Уолли хмыкнул и с шумом затянулся сигарой. За те полчаса, которые он вчера вечером провел в обществе Пенни Мун, Уолли не удержался и один или два раза неопределенно намекнул, что знает некоторые вещи, которые и ее могли бы заинтересовать. Разумеется, он ничего не собирался говорить ей, но таким уж было одно из его специфических развлечений в жизни — вызвать у человека любопытство, а затем оставить его ни с чем. Однако Пенни не продемонстрировала особо быструю сообразительность и не задала ему ни одного вопроса, что, по его мнению, должна была сделать. И все же взгляд у нее был такой, словно она видела собеседника насквозь. Уолли ушел сразу же, как только заметил это: у него вдруг возникло ощущение, будто она знает о нем гораздо больше, чем ему хотелось бы.

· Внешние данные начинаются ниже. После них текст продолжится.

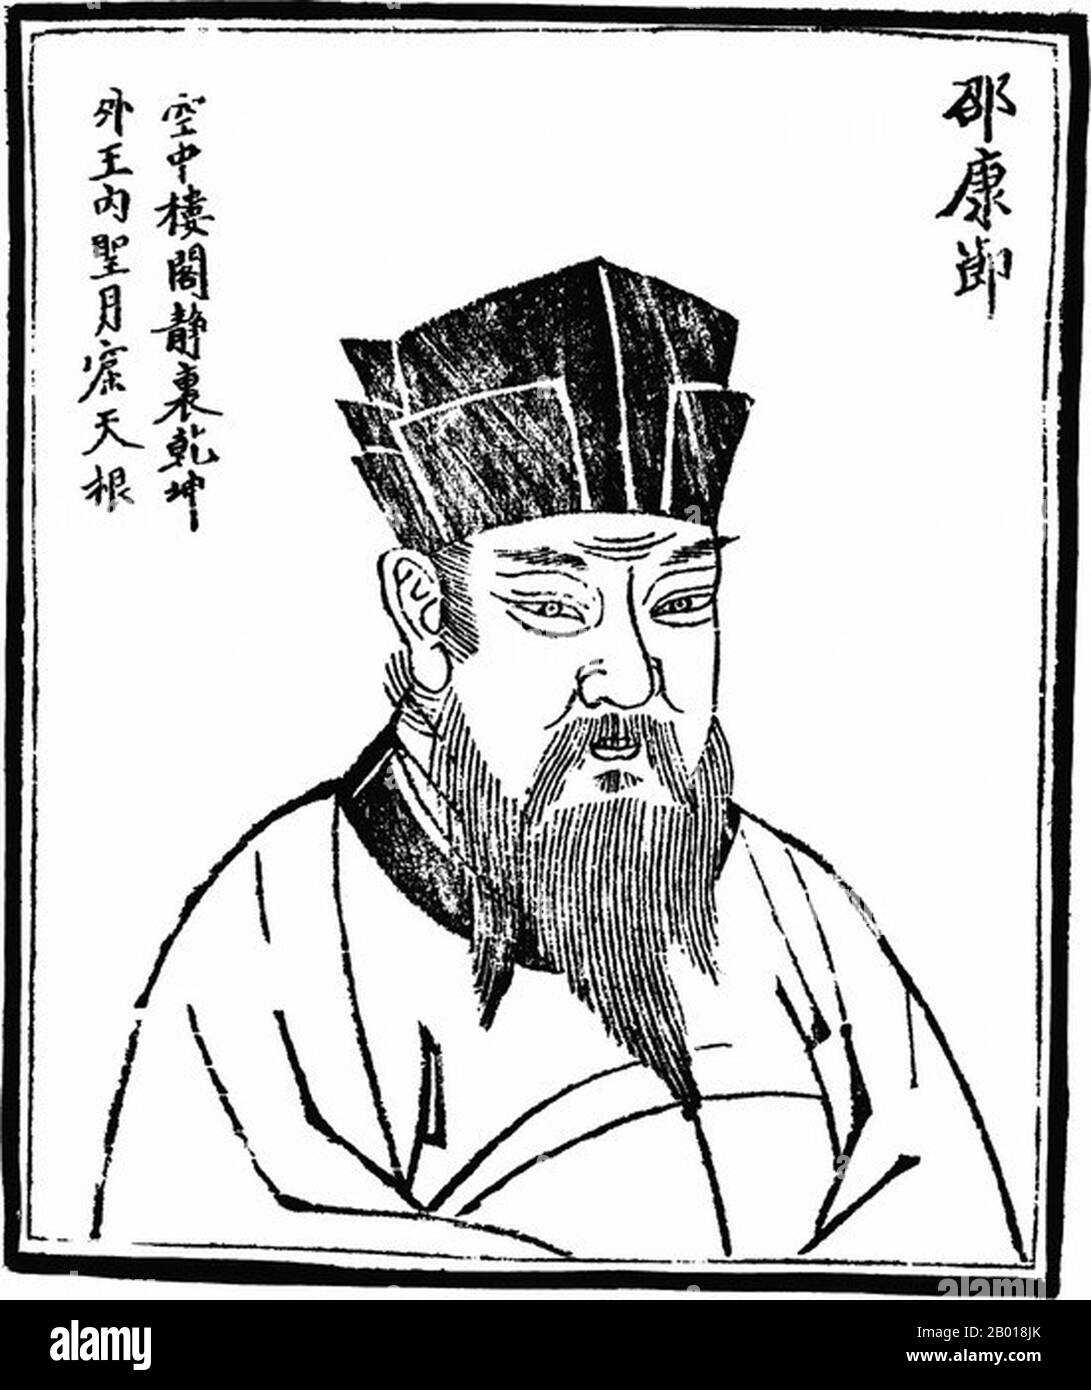 China: Shao Yong (1011-1077), Song Dynasty philosopher, cosmologist, poet and historian who influenced the development of Neo-Confucianism. Woodblock print from 'Images of Ancient People in History', c. 1498.  Shao Yong, also named Shao Kangjie and courtesy name Yaofu, was a member of a group of thinkers who gathered in Luoyang toward the last three decades of the 11th century. This group had two primary objectives. One of these was to draw parallels between their own streams of thought and that of Confucianism as understood by Mencius. Stock Photo
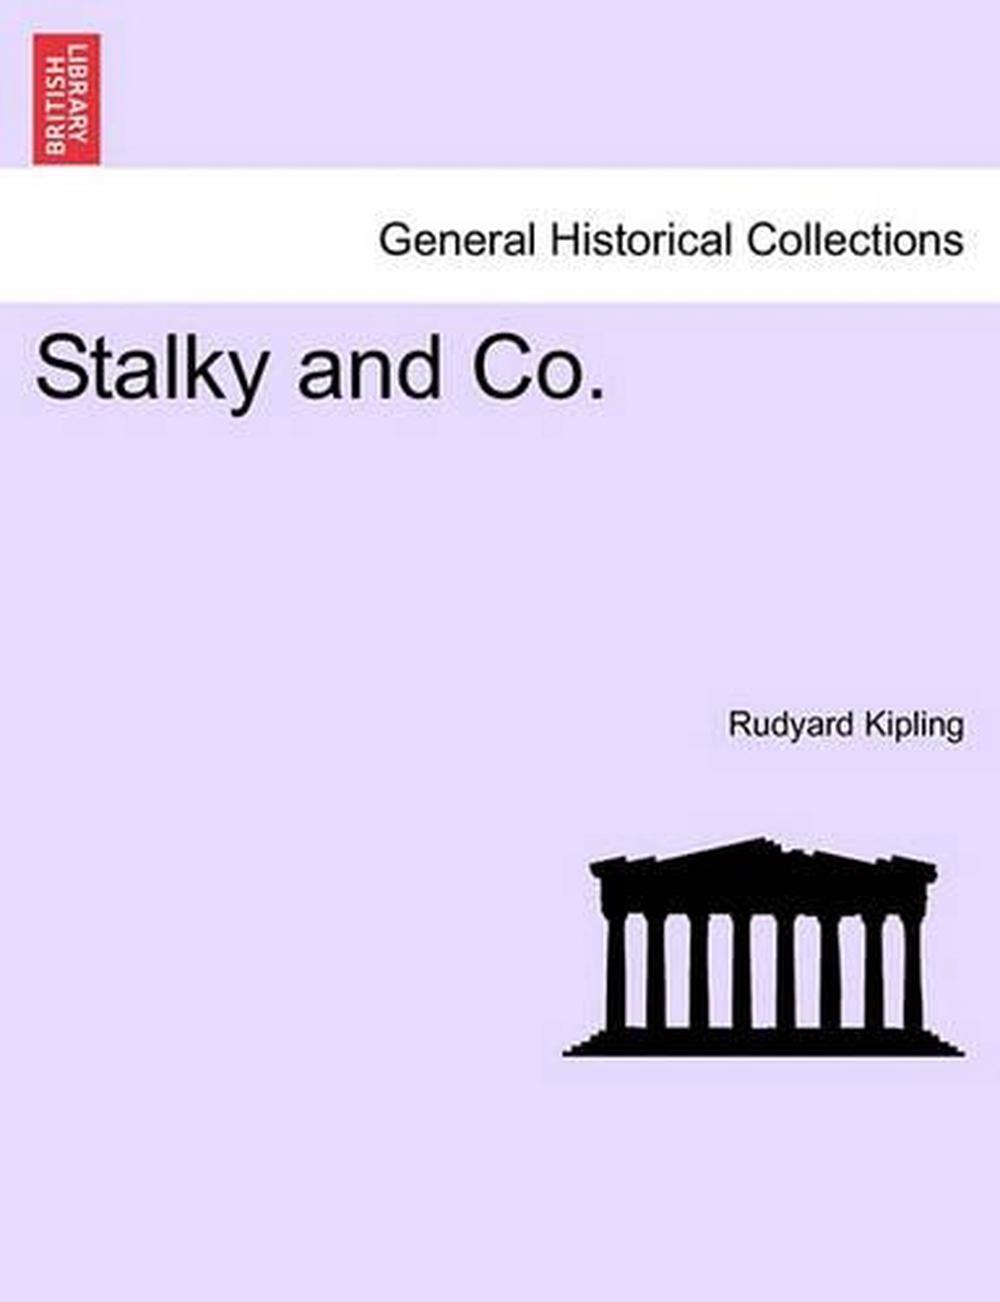 kipling stalky and co

— Я очень надеюсь, что она придет, — сказала Эстер; неожиданно ей стало не по себе от мысли, что ее занимающая столь престижное положение соседка может и не согласиться. — Ты знаешь, она очень известна в Лондоне. Это мне сказал Билли.
Глаза Уолли встревоженно округлились; выронив сигару изо рта, он хрипло переспросил:
— Кто тебе сказал?
Эстер опустила голову, устремив взгляд на колени.
— Прости, — прошептала она, — я только раз разговаривала с ним, и никакого вреда от этого нет, честное слово. Я чувствовала себя очень хорошо, разговаривая с ним.
Уолли снова сунул сигару в рот и начал так интенсивно пускать клубы дыма, что сквозь них едва была видна дорога. Эти дурацкие спиритические сеансы надо прекратить, пока старушка совсем не спятила.
— Он посылает нам свою любовь, — тихо промолвила Эстер и тут же принялась хлопать мужа по спине, поскольку тот сильно закашлялся, поперхнувшись дымом.
Ее дорогой мальчик рассказал ей еще много чего другого, но Эстер решила, что лучше не говорить об этом Уолли сейчас, когда они и так едва не врезались во впереди идущую машину.